Artcraft
- Category: Serif
- Classification: Old Style
- Designer: Robert Wiebking
- Foundry: Advance Type Foundry
- Date released: 1912
- Re-issuing foundries: Western Type Foundry Barnhart Brothers & Spindler American Type Founders Ludlow Monotype

= Artcraft (typeface) =

Artcraft is an Old Style typeface engraved in 1912 by Robert Wiebking for Wiebking, Hardinge & Company which ran the Advance Type Foundry. It was originally called Craftsman, then Art-Craft, before finally becoming Artcraft. After Advance was sold to the Western Type Foundry in 1914, Wiebking added Artcraft Bold and Artcraft Italic. After Western was sold to Barnhart Brothers & Spindler (a subsidiary of American Type Founders) the face was sold by both BB&S and ATF.

Artcraft is typical of the turn-of-the-century's Chicago School of Hand Lettering: a decorative serif design intended for advertisement text more than book body setting. Other types based upon advertising and hand-lettering were developed around the same time, such as Frederic Goudy's Pabst (1902) and Powell (1903), as well as Oz Cooper's Packard (1913). The face retained a wide popularity for more than two decades.

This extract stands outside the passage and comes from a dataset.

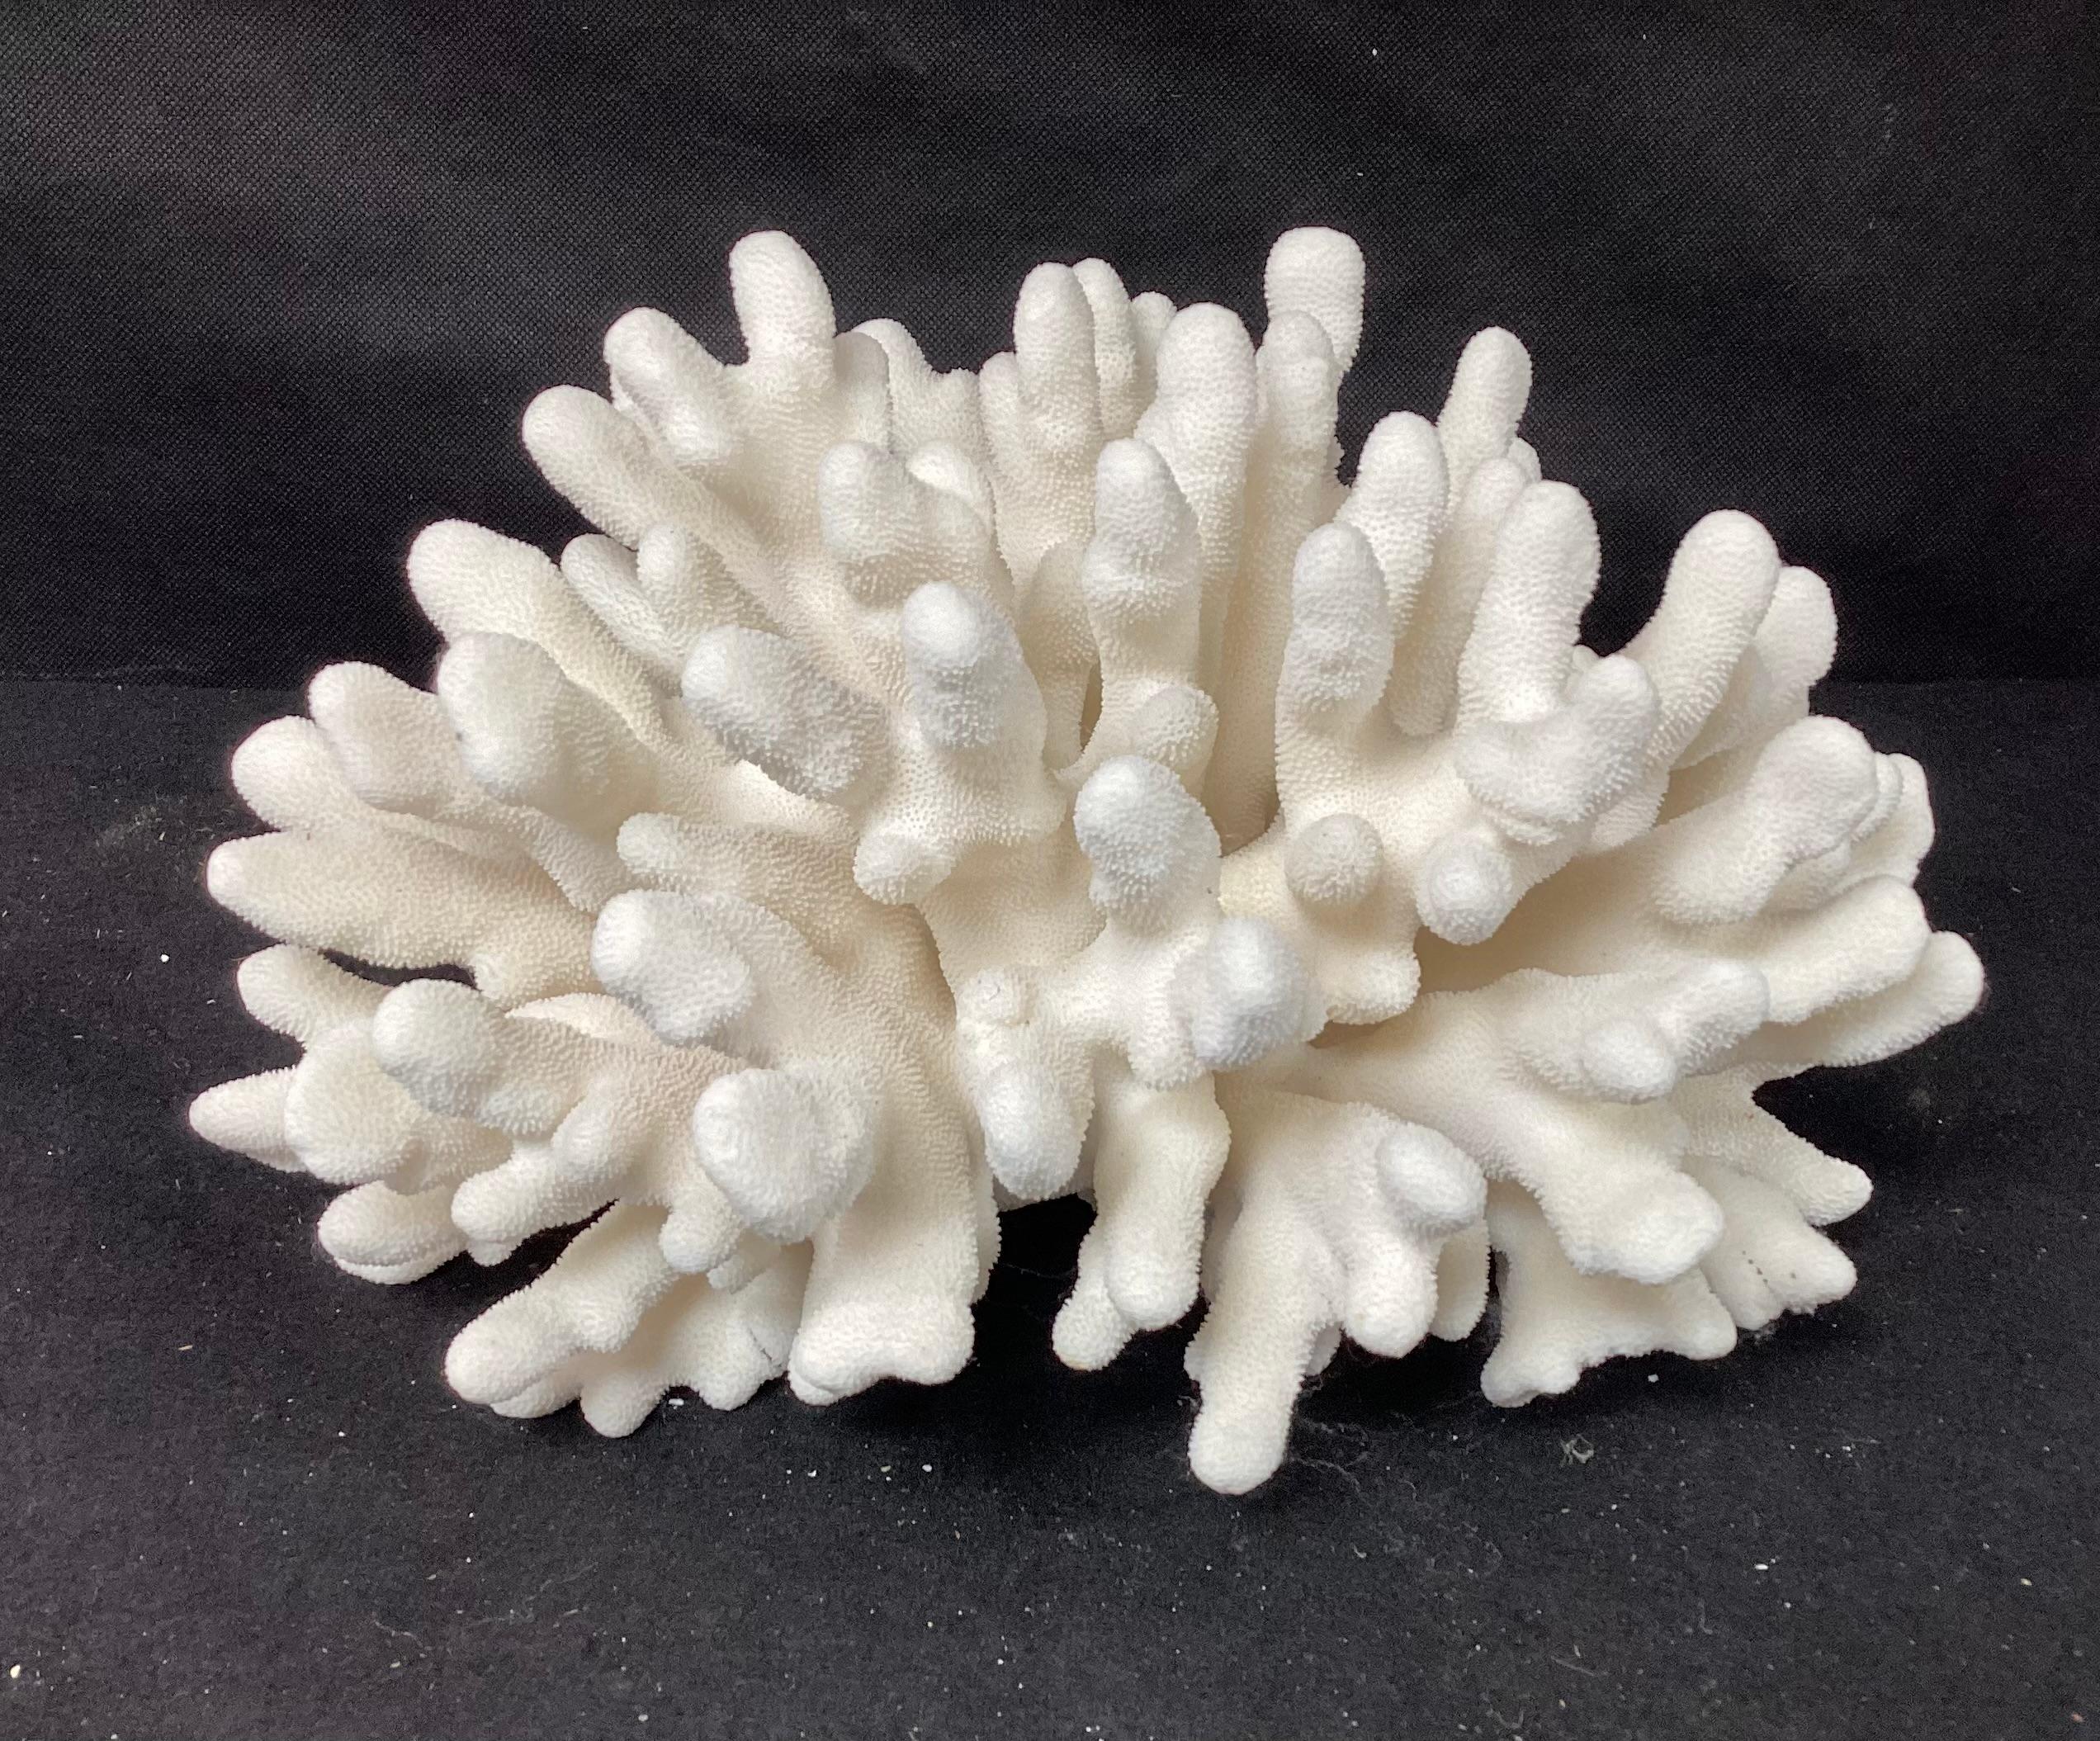 Organic Modern Natural White Elkhorn Coral Reef Specimen For Sale
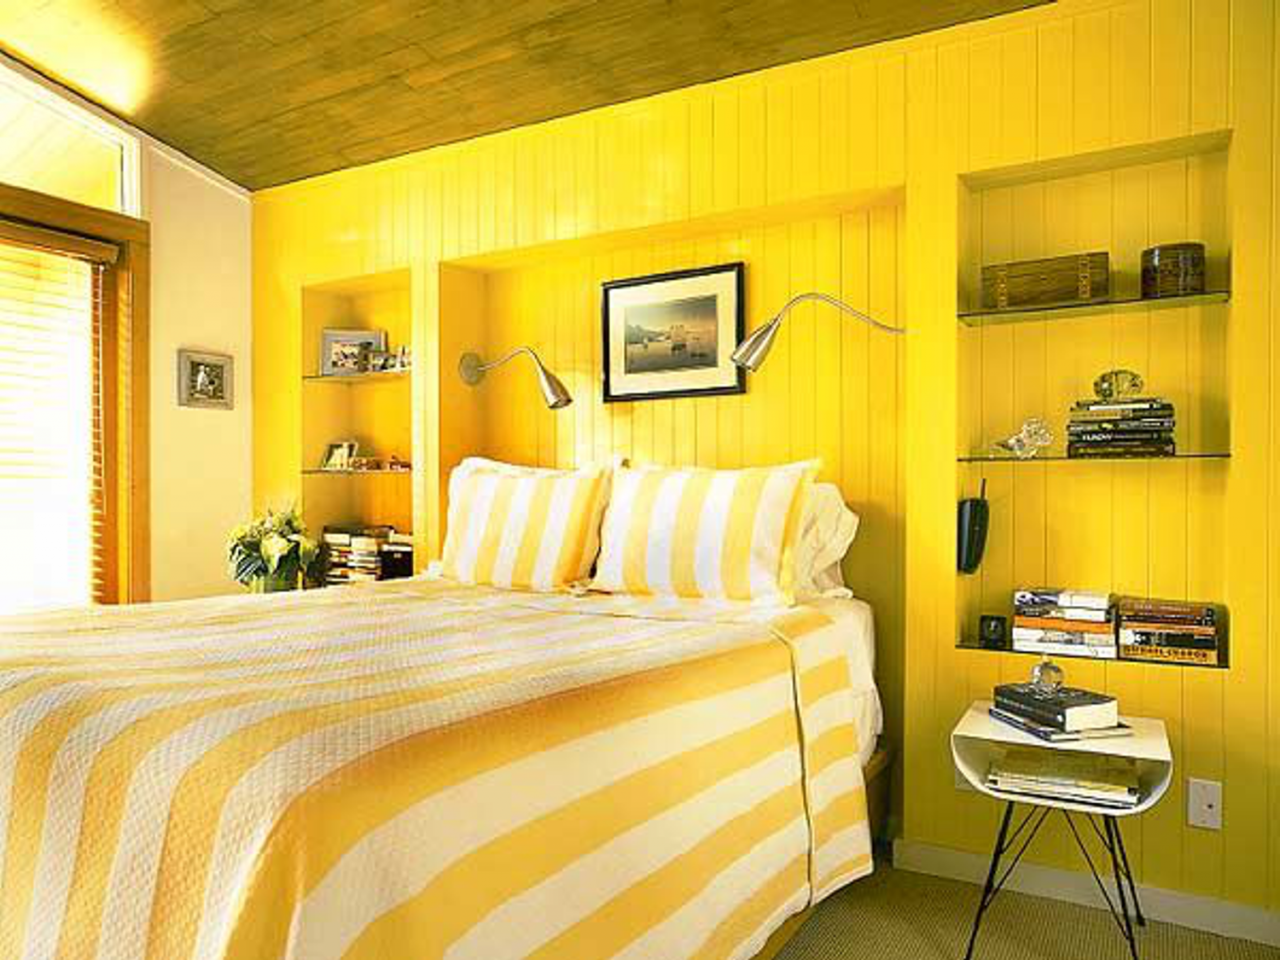 Обои желтого цвета для стен

Wiebking, whose reputation was based upon his collaboration as a matrix cutter for other designers, occasionally ventured a design of his own. Though he is usually credited with creating Artcraft, type historian Alexander Lawson believes that the type was probably created by Edmund C. Fischer.

==Other versions==
Artcraft was copied for machine composition by Monotype and for hand casting by Ludlow. The Ludlow matrices were cut by R. Hunter Middleton. There is also a face known as Art and Craft cast by Stephenson Blake which might be the same thing.

The face was later made available in cold type and digital versions are now offered by the Font Company, URW++, and Ascender Corporation.